I darn near made myself crazy during Luke's adoption trying to make everything happen my way and in my timing. I would like to say I did amazingly better this time around but I would be lying. I think I did much better this time around but not amazingly hahah. I know I made myself nuts worrying about Luke and his safety and his health and what was or was not happening with him. I have since learned that even though I have no control over those things our God is busy protecting our children and loving on them and softening their hearts and preparing a way. There are things that Luke experienced that no child should ever have to and he has wounds that run deep. YET Luke has the most remarkable out look, attitude and heart. I know this is of God for he has every right to be angry, bitter and running scared. I pray that Elias is being guarded, protected and his heart is being prepared for this crazy journey that is getting ready to uproot him from all he has known (be that good or bad) and send him on a crazy ride.
Tom and I are busy preparing for our son to come home and we are preparing our hearts and those of Elias's brothers and sisters for this journey. I cannot even begin to imagine the thoughts that whirl through a child as the adoption process begins. Some children are prepared the best the can be by their orphanage or foster family and some know nothing about what is going to take place. I cannot imagine what it feels like to be taken from all you have ever known and be put in the hands of strangers all within a few minutes time and told they are your family. It must be horrifying. I know most people think that the adopted child will fall at our feet and praise us for "saving" them.. Just place yourself in the child's mind for just one and I mean one minute and you can see how this is NOT the reaction that we receive when we finally do meet our child. I would think fear is the residing initial feeling that most parents ( I do not say all, I say most) are greeted with.. understand all children handle fear differently, some lash out, some cry and some just retreat internally, some are just curious of what is going on and some are happy to see someone showing them love and gifts.. but trust me the fear is there... there are many ways fear can be manifested. I know for a fact that when Luke was brought to Tom and I we were excited as heck, but also scared out of our pants. We were literally handed our child by strangers in the lobby of a crowded hotel and the people that brought him left within seconds.. there he was.. no introduction, no stories of what he likes and does not like, what his routine is.. nothing.. we were scared out of our pants.. now imagine the child's perspective.. whoa it is mind blowing to me. Tom and I now look back at how amazing Luke handled this process and we know that we saw an inside glimpse into Luke's strength and courage and resilience and didn't even realize it at the time.

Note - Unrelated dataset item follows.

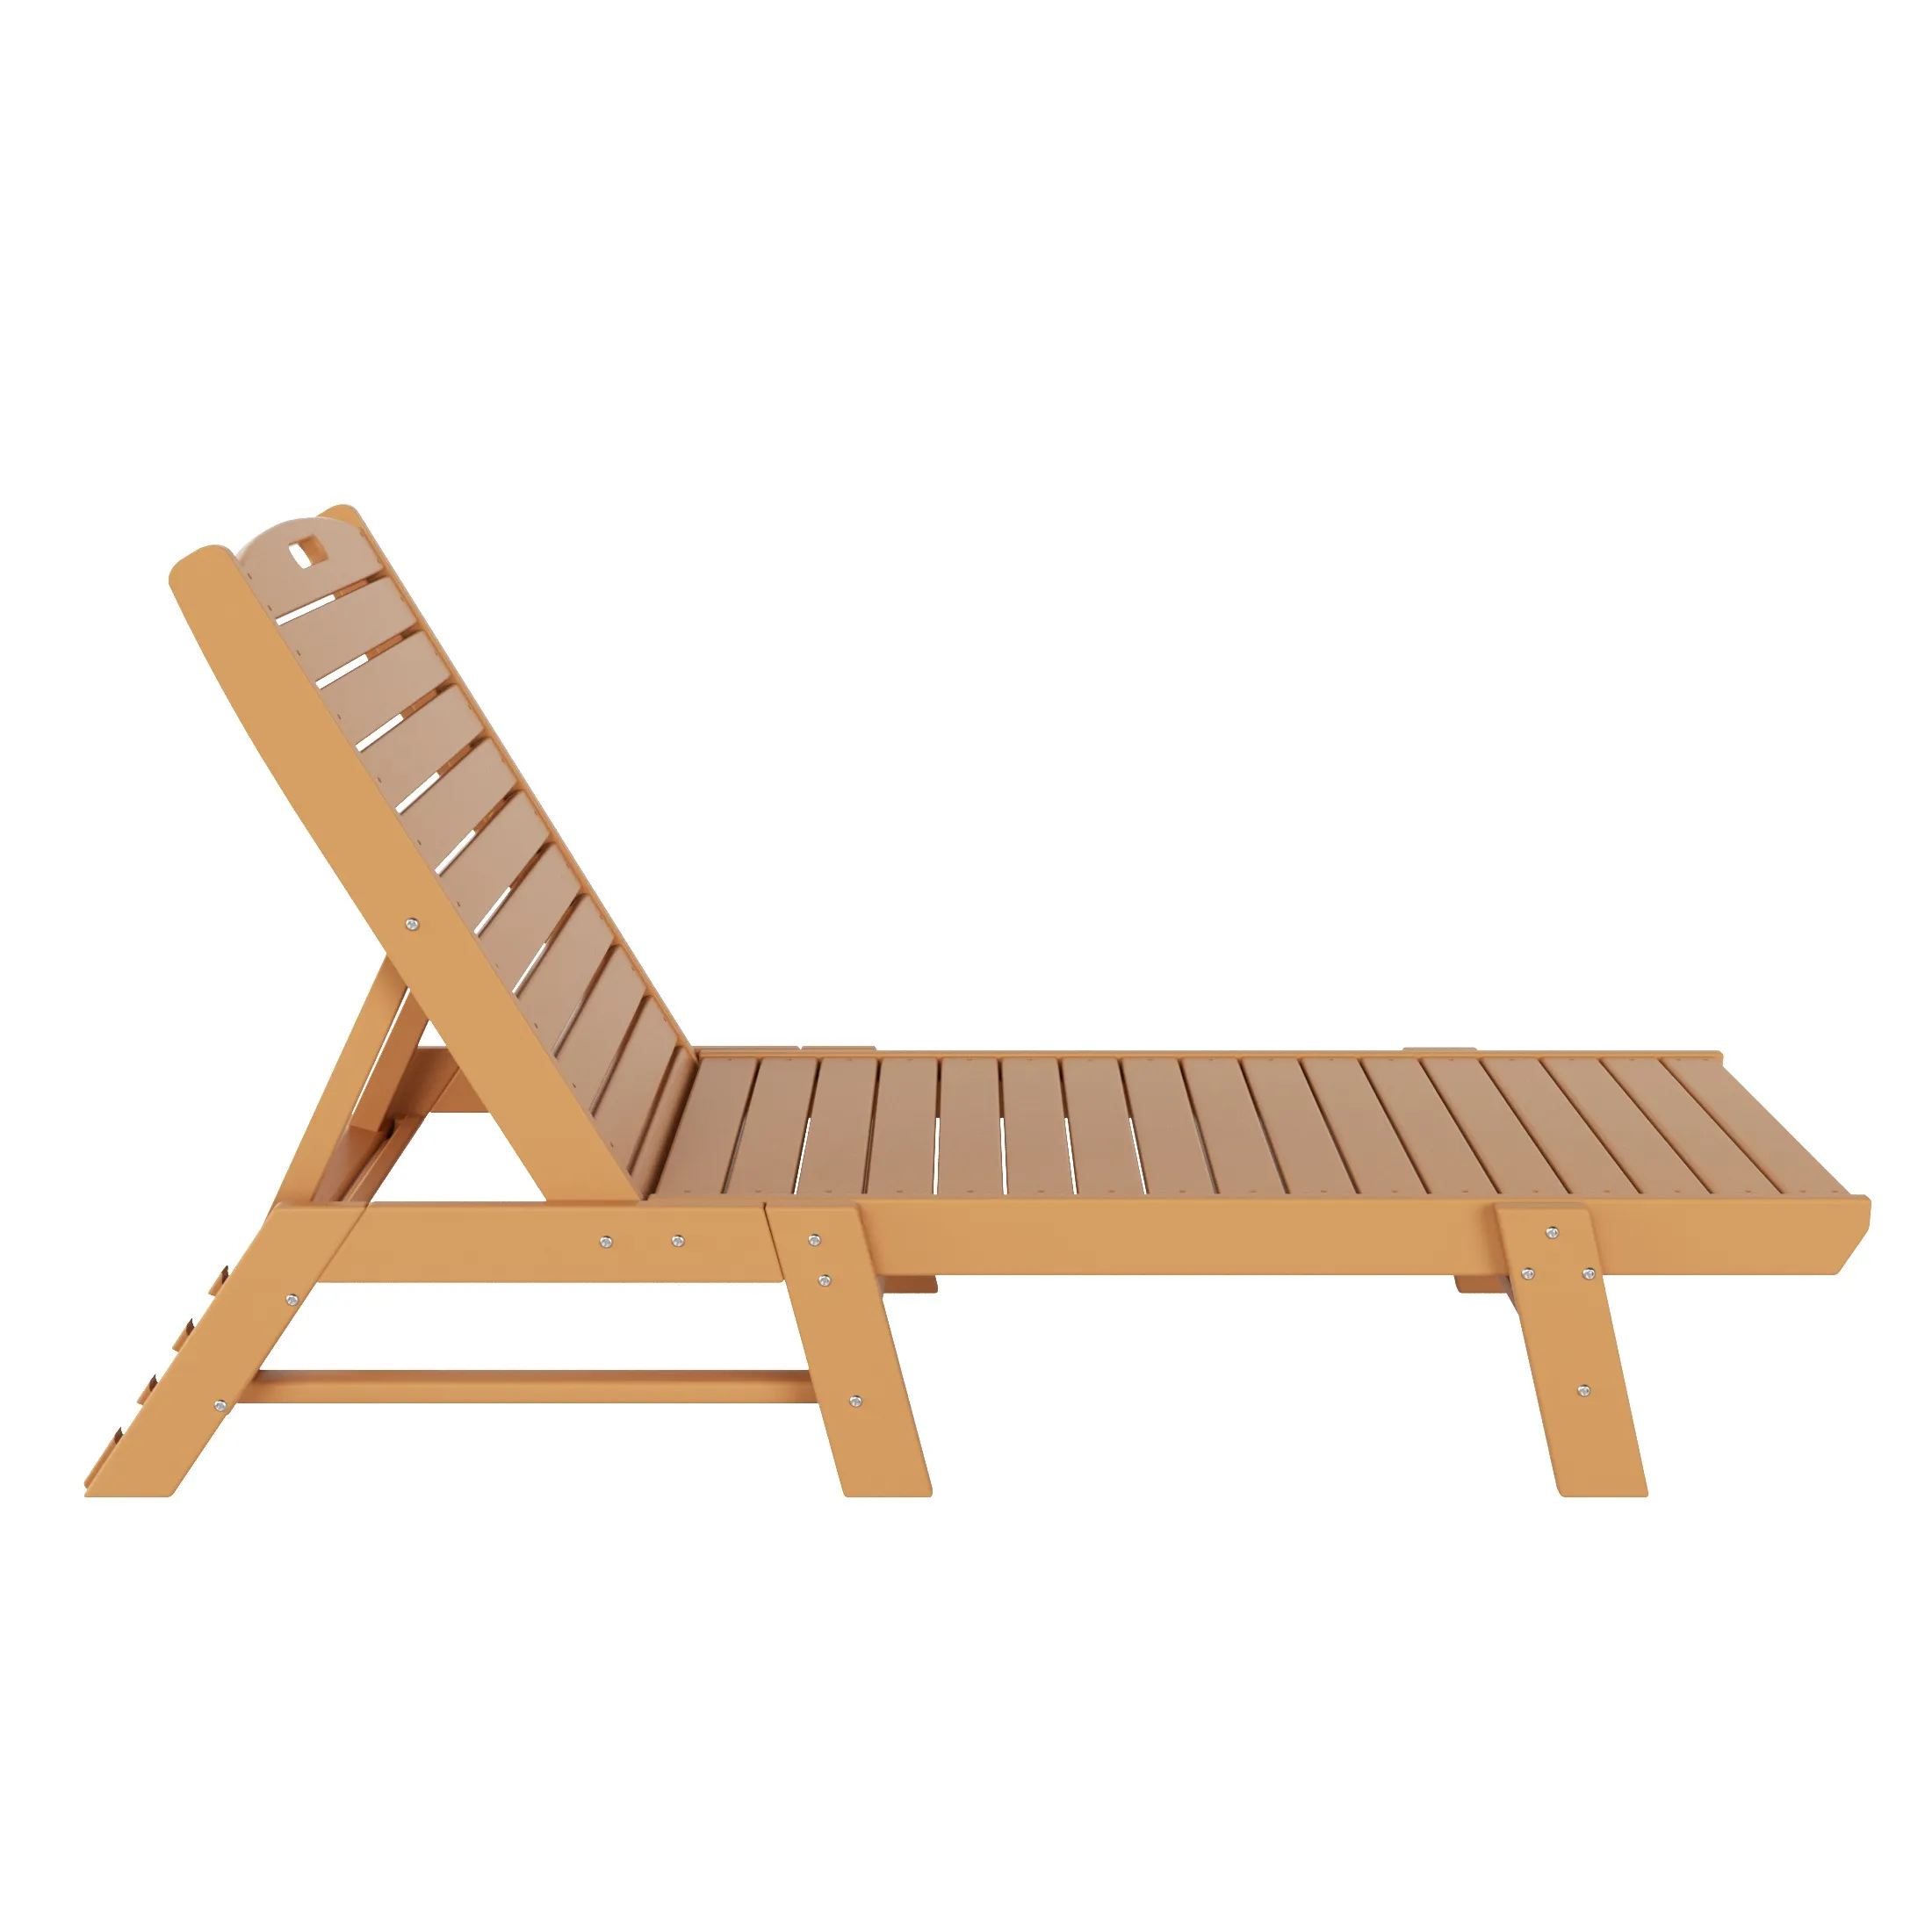 Reclining Outdoor Patio Adjustable Chaise Lounge Chair

We excitedly prepare our house, hearts and yup even our very not happy school district for the changes that are soon coming. We cannot wait to meet our son and to finally get to know him. We know challenging times are ahead but we know that blessed times are also ahead. Adoption is not easy, but it is beyond worth it. We are just a few short weeks away from having our son in our arms and just cannot cannot wait. The wait to travel is said to be the hardest as you know it is so right there, but you cant go just yet.. I personally am fine with the wait as it is giving me time to prepare my heart, my mind and pray, pray, pray... it is giving me time to prepare the hearts and minds of my children and to pray over them. We are bursting at the seems with excitement! Oh our sweet sweet Elias we are so soon going to be there. Last night I sent out one last care package with a letter letting him know we shall be there soon, with a jacket (he lives in southern China and it is Florida like weather there, so he will have some adjusting to do to get ready for New Jersey :), we sent some more photos of our family and we sent him a toy. Praying these things give him some peace and allow his heart some time to prepare and say goodbyes that need to be said. We have told him we know that his life is about the rapidly change and we promise to love him through the changes and try our best to help him adjust to everything. ( we know this is no easy journey for him, we dont think he yet knows this is not an easy journey...) Lord prepare our sons heart. We are leaving soon!!!!!